[WORK TO BE COMPLETED] Word for word, copy out the data below, omitting pictures.

[STORED DATA]
Content starts

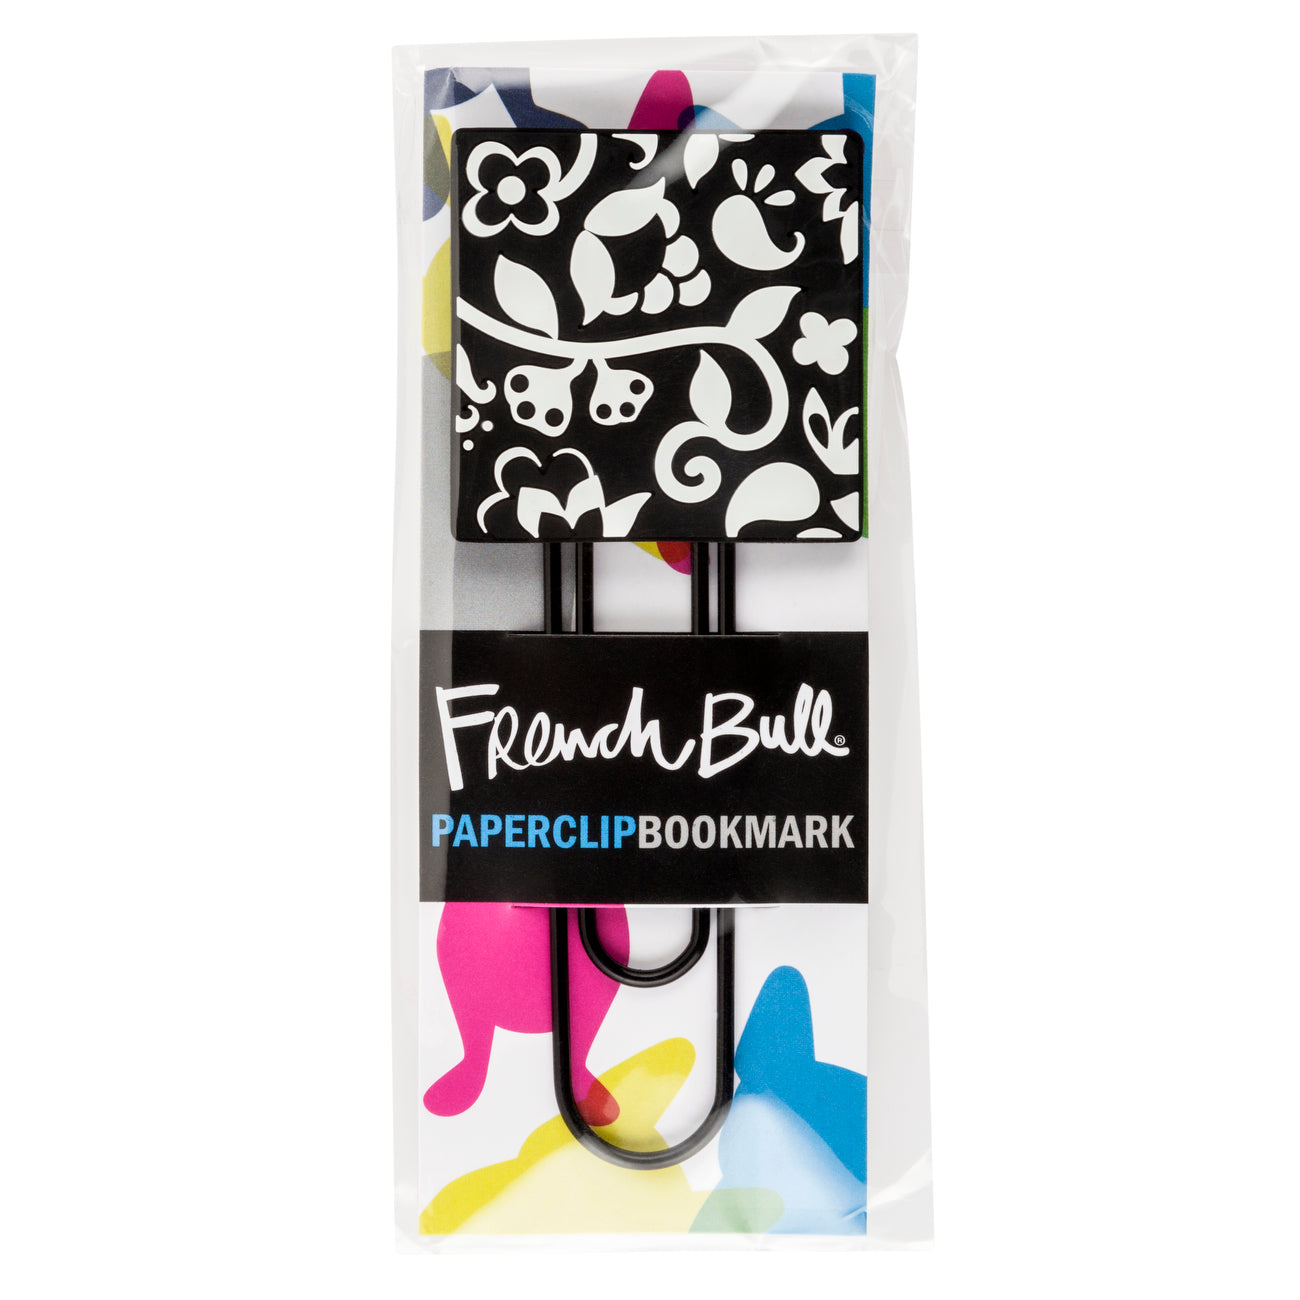 Silicone Paper Clip Bookmark by French Bull
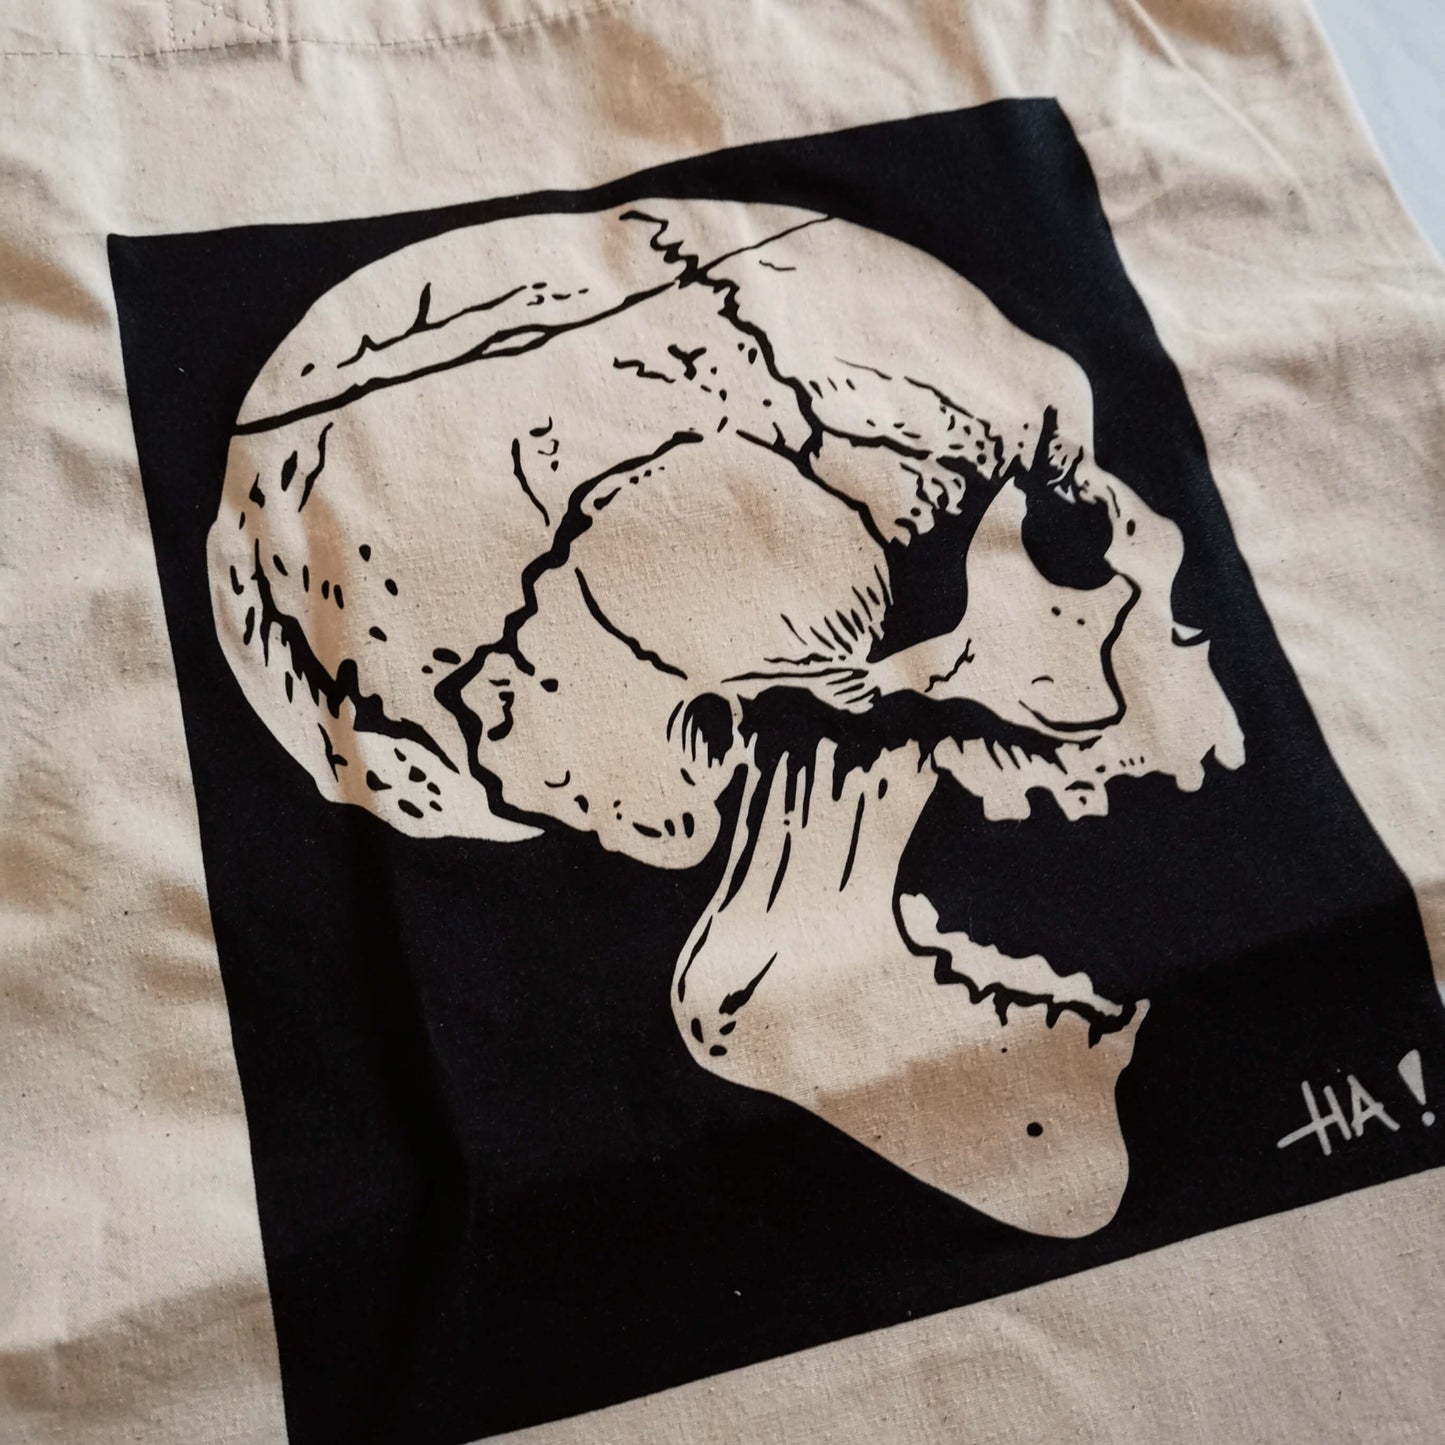 The Laughing Skull on Organic Gothic Tote Bag
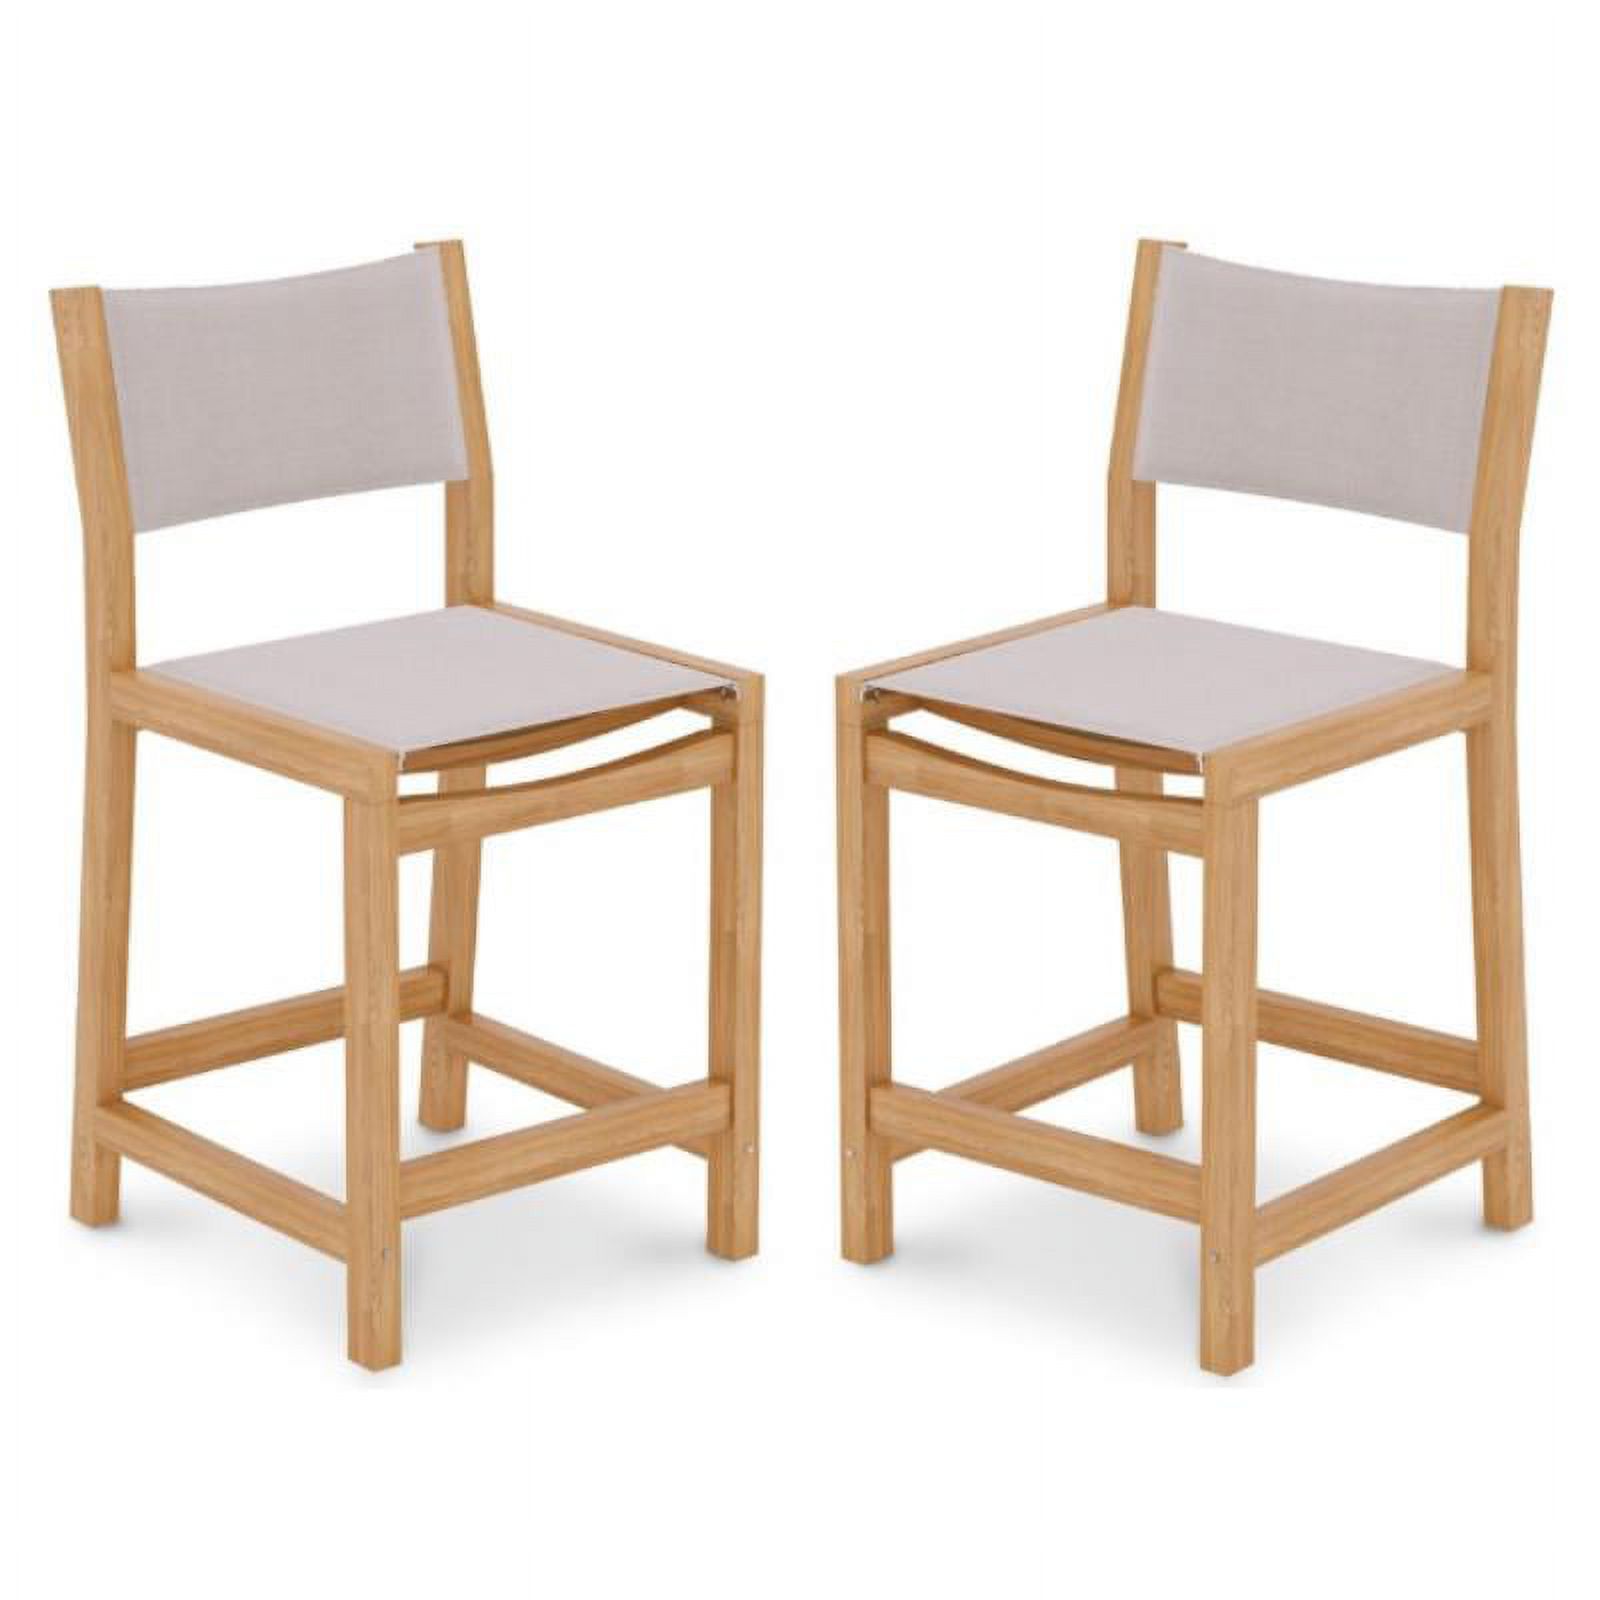 Home Square 26" Teak Wooden Patio Counter Stool in Natural and White - Set of 2 - image 1 of 4

Content ends

[WRITTEN RESPONSE]
 Silicone Paper Clip Bookmark by French Bull
 The Laughing Skull on Organic Gothic Tote Bag
 Home Square 26" Teak Wooden Patio Counter Stool in Natural and White - Set of 2 - image 1 of 4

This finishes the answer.